De mémoire, je n’ai pas souvenir d’un salon où l’on puisse par exemple s’offrir une coupette de Dom Pérignon, suivi d’un Bollinger 99 (sublime…), d’un Roederer, d’un Jacquesson (magistral), d’un Egly-Ourié (si pur, tendu à l’extrême) et de bien d’autres, pour ne citer que les Champagnes. Pour les vins rouges, le choix est encore plus incroyable et il y avait de quoi vraiment se faire plaisir, découvrir, se rassurer sur les grandes étiquettes ou s’émouvoir sur des vignerons « émergeants » comme le Clos des Fées… Et oui, les amis, ne nous leurrons pas : bien qu’ayant eu un monde fou pendant ces deux jours, il était amusant de voir combien certains visiteurs ne venaient que pour certaines étiquettes archi-connues et snobaient les autres, les inconnus, les sans-grades. Tant Pis. Pour eux ;-))

Mais il était tout aussi intéressant de voir combien le bouche à oreille fonctionnait entre amateurs ouverts (et entre exposants… ;-)) et comment, d’heure en heure, la fréquentation de certains stands augmentait alors que celle de beaucoup d’autres, pourtant bien plus réputés, s’amenuisait. La roue tourne, lentement, mais elle tourne quand même en direction de la vraie qualité et de l’émotion sincère, et c’est encourageant. Parce qu’attention, sur un salon comme celui ci, la compétition est drôlement rude : à notre gauche, l’ami Jérôme Bressy avec des 2004 d’anthologie ; à notre droite, le redoutable Domaine de la Mordorée, pas peu fier de ses incroyables cuvées « Reines des Bois » et autre « Plume du Peintre », franchement inoubliable.

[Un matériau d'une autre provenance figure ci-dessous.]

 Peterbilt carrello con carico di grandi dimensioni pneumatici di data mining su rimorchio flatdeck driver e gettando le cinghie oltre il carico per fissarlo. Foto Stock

En face, Pibarnon, force tranquille du Mourvèdre, au stand littéralement pris d’assaut, aux vins « références ». Á « 3 heures », Alain Brumont, en personne, montre qu’il n’a rien perdu de son énergie et de son incroyable talent en servant un 2002 qui laisse sans voix, la fameuse cuvée La Tyre. Pour aller dans ce genre de salon, le vigneron doit vraiment être sur de la qualité et de la personnalité de son vin, parce que là, toute faiblesse ou toute exagération saute aux yeux…

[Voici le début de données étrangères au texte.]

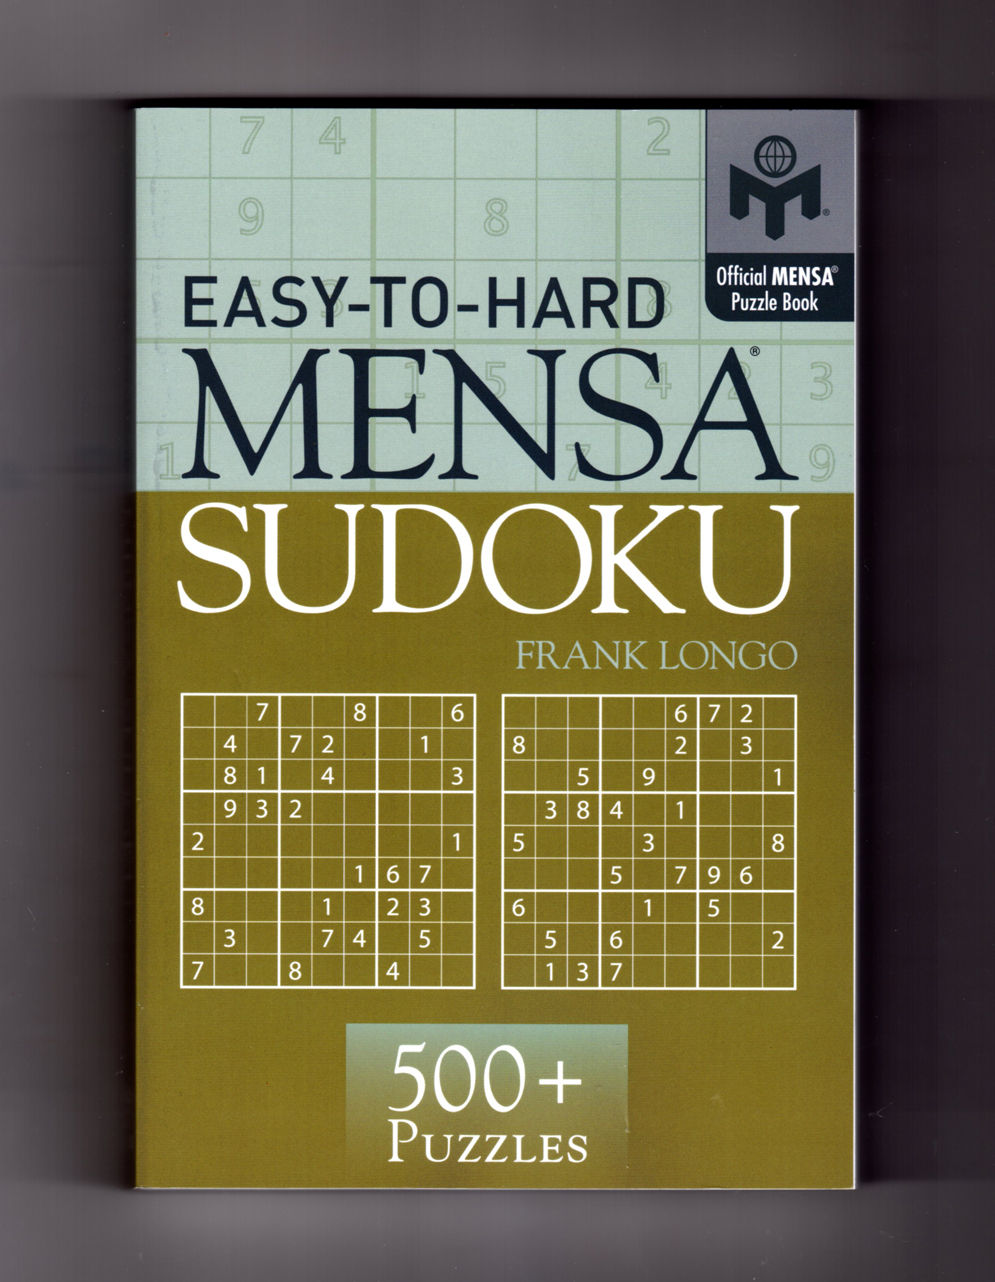 mensa guide to solving sudoku

Vendredi, à l’ouverture du salon, en me dirigeant vers mon stand, une angoisse, justement, m’a saisi : comment allaient se goûter les vins du Clos des Fées ? Moi qui suis si fier d’avoir des vins « vivants », changeants, parfois fantasques, j’ai souhaité intérieurement très fort qu’ils se présentent ce jour là à leur avantage. Et bien j’ai été, je pense, exaucé. Je ne sais pas si c’est le Louvre, les vibrations de ce lieu chargé d’histoire, l’énergie de ces millions de personnes qui passent par là chaque année, le climat, les basses pressions ou les forces cosmiques, mais ce jour-là, les 2004 se sont montrés particulièrement enjoués et charmeurs. Sauf le vieilles vignes, peut-être, qui, à un moment, s’est mis à présenter une petite réduction, ce qu’il ne m’avait jamais fait. Surprise ! Bon, il vaut mieux ça que d’être assommé et stérilisé par l’excès de SO2 et je suis certain qu’il saura se montrer sous de meilleurs auspices lors d’un prochain débouchage, comme il l’a toujours fait jusqu’à présent.

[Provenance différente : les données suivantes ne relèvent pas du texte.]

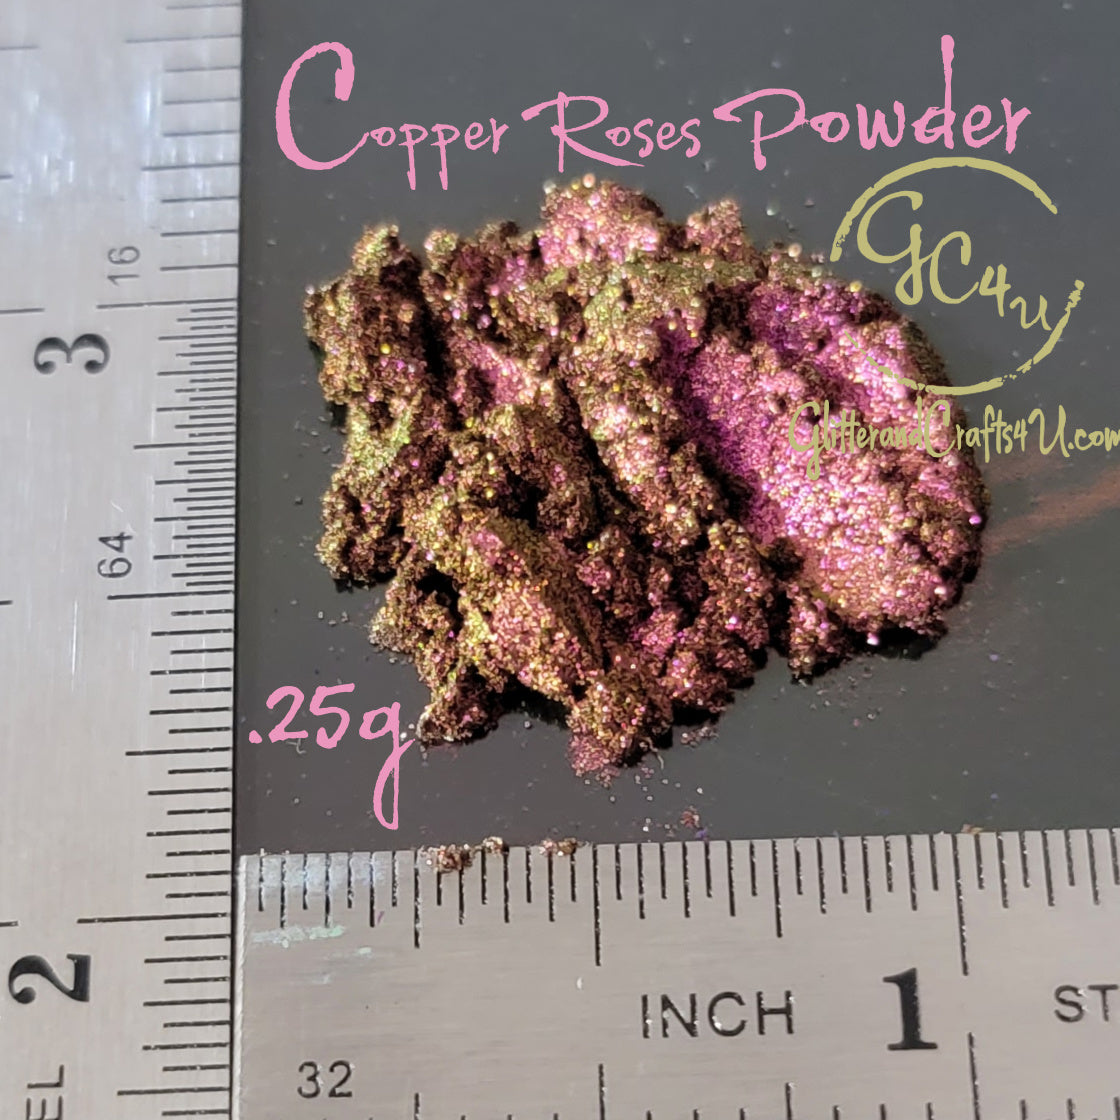 Super Copper Mica Powder

Bon, un regret quand même, celui de ne pouvoir vous faire part de toutes les réactions glanées ici et là sur le salon, de vous raconter les indiscrétions, les potins, les avis officieux parfois bien différents des officiels ;-)), les vacheries, les rumeurs… Ah, si je pouvais tout vous dire ;-)) Enfin, je me souviendrai longtemps de quelques dégustations, où, « backstage », il était hilarant de déguster un vin, comment dire, pour le moins « discutable » en écoutant, derrière le mur, son producteur en faire l’apologie… Mais ce blog n’est pas un journal à scandale et je dois lutter, je le sais, contre ma propension naturelle à jouer à la commère ;-)). Merci à tous ceux qui sont venus déguster. Merci de nous soutenir. Merci de nous encourager à aller toujours plus loin dans notre recherche de la perfection.